Written by Steven Hansen
The headlines say construction improved month-over-month. Our analysis shows the rolling averages improved.
Analyst Opinion of Construction Spending
The rolling averages improved – and last month was revised up. Also note that inflation is grabbing hold, and not only is the inflation-adjusted numbers are in contraction.
The employment gains currently are generally correlating with construction spending.
Econintersect analysis:
- Growth decelerated 0.7 % month-over-month and up 1.0 % year-over-year.
- Inflation-adjusted construction spending down 4.9 % year-over-year.
- 3 month rolling average is 0.6 % above the rolling average one year ago which accelerated 0.3 % month-over-month. As the data is noisy (and has so much backward revision) – the moving averages likely are the best way to view construction spending.
- Backward revision for the last 3 months was upward.
- Up 1.0 % month-over-month and up 1.1 % (was published 0.3 % last month) year-over-year.
- Market expected from Econoday -1.0 % to 0.4 % month-over-month (consensus -0.1 %).
Construction spending (unadjusted data) was declining year-over-year for 48 straight months until November 2011. That was four years of headwinds for GDP.
This month’s headline statement from US Census:
Construction spending during February 2019 was estimated at a seasonally adjusted annual rate of $1,320.3 billion, 1.0 percent (±0.8 percent) above the revised January estimate of $1,307.3 billion. The February figure is 1.1 percent (±1.5 percent)* above the February 2018 estimate of $1,305.5 billion. During the first two months of this year, construction spending amounted to $181.9 billion, 1.4 percent (±1.3 percent) above the $179.4 billion for the same period in 2018.
PRIVATE CONSTRUCTION – Spending on private construction was at a seasonally adjusted annual rate of $994.5 billion, 0.2 percent (±0.8 percent)* above the revised January estimate of $993.0 billion. Residential construction was at a seasonally adjusted annual rate of $540.9 billion in February, 0.7 percent (±1.3 percent)* above the revised January estimate of $536.9 billion. Nonresidential construction was at a seasonally adjusted annual rate of $453.6 billion in February, 0.5 percent (±0.8 percent)* below the revised January estimate of $456.0 billion.

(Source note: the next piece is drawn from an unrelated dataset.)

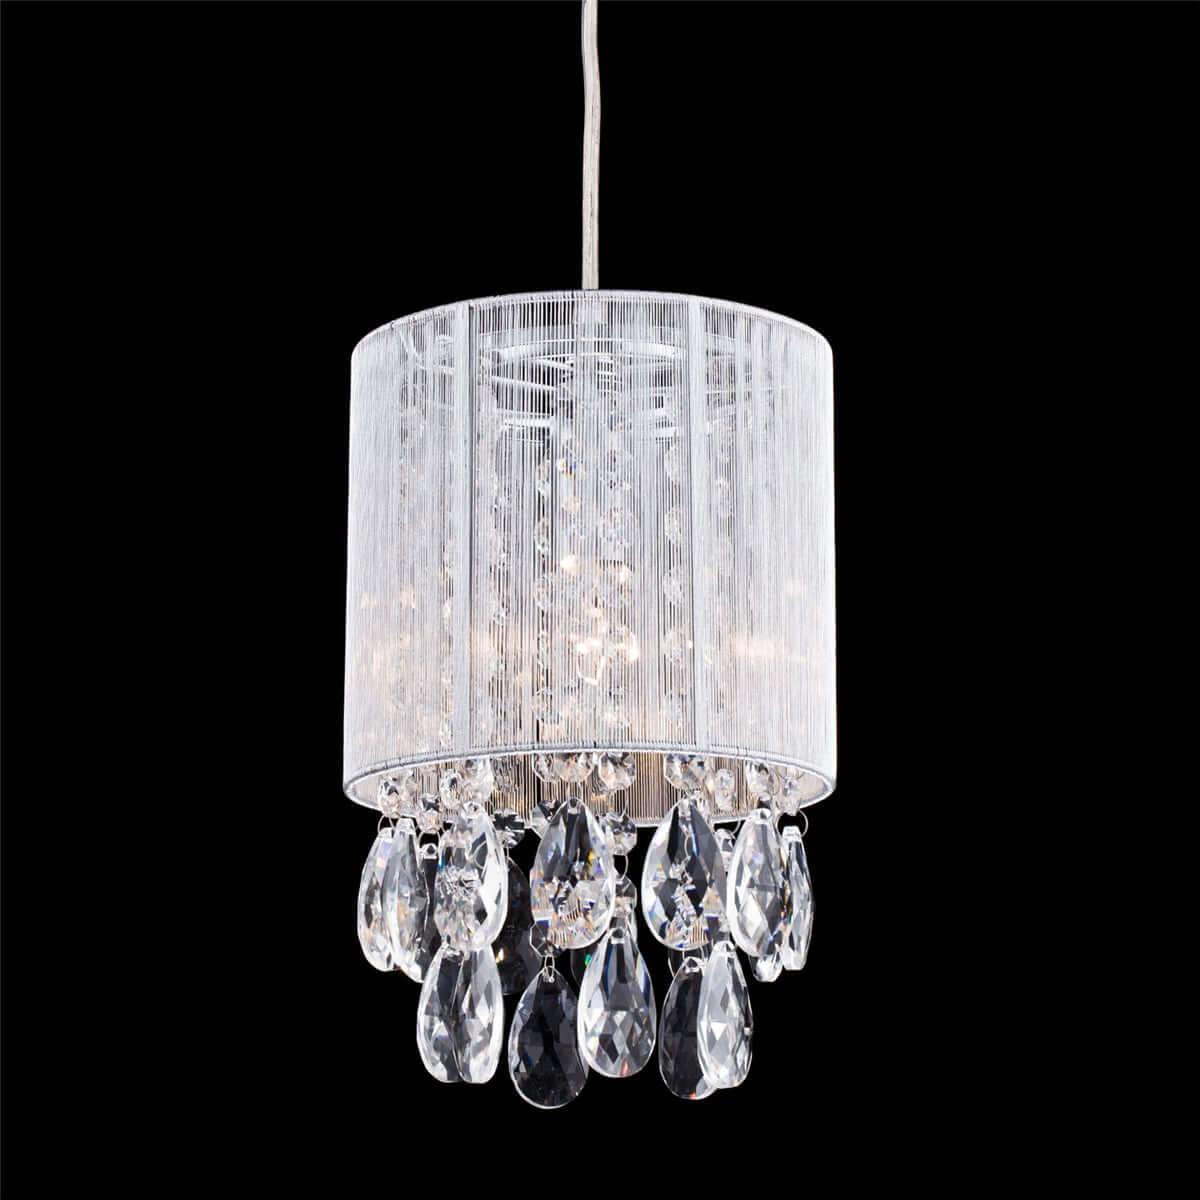 Modern-Silver-String-Drum-Shade-Crystal-Pendant-Lighting

PUBLIC CONSTRUCTION – In February, the estimated seasonally adjusted annual rate of public construction spending was $325.8 billion, 3.6 percent (±1.6 percent) above the revised January estimate of $314.4 billion. Educational construction was at a seasonally adjusted annual rate of $76.3 billion, 0.8 percent (±2.0 percent)* above the revised January estimate of $75.7 billion. Highway construction was at a seasonally adjusted annual rate of $111.1 billion, 9.5 percent (±5.3 percent) above the revised January estimate of $101.5 billion.
Unadjusted Private Construction Spending Year-Over-Year (blue line) and Unadjusted Public Construction Spending Year-Over-Year (red line)
Private construction had been fueling construction growth – but currently, public construction is growing faster.
Caveats on the Use of Construction Spending Data
Although the data in this series is revised for several months after issuing, the revision is generally minor. This series is produced by sampling – and the methodology varies by sector being sampled.
The headline data is seasonally adjusted. Econintersect uses the raw unadjusted data. Econintersect determines the month-over-month change by subtracting the current month’s year-over-year change from the previous month’s year-over-year change. This is the best of the bad options available to determine month-over-month trends – as the preferred methodology would be to use multi-year data (but the New Normal effects and the Great Recession distort historical data).
The data set for construction spending is not inflation adjusted. Econintersect adjusts using the BLS Producers Price Index – subindex New Construction (PCUBNEW-BNEW). However in the inflation-adjusted graph in this post, FRED does not have this series – and Econintersect has used Producer Price Index: Finished Goods Less Energy (PPIFLE), Monthly, Seasonally Adjusted which has similar characteristics.
Construction (which historically is a major economic driver) is a literal shadow of its former self. Its contribution to GDP is down $400 billion from its peak level in 2006. The main driver of construction spending is the private sector. Here is the historical breakdown. The graph below uses US Census seasonally adjusted data.
Obvious from the above graph that public spending on construction is falling off, while private spending is slightly trending up. The overall effect is that construction spending is near the same place it was in early 2010.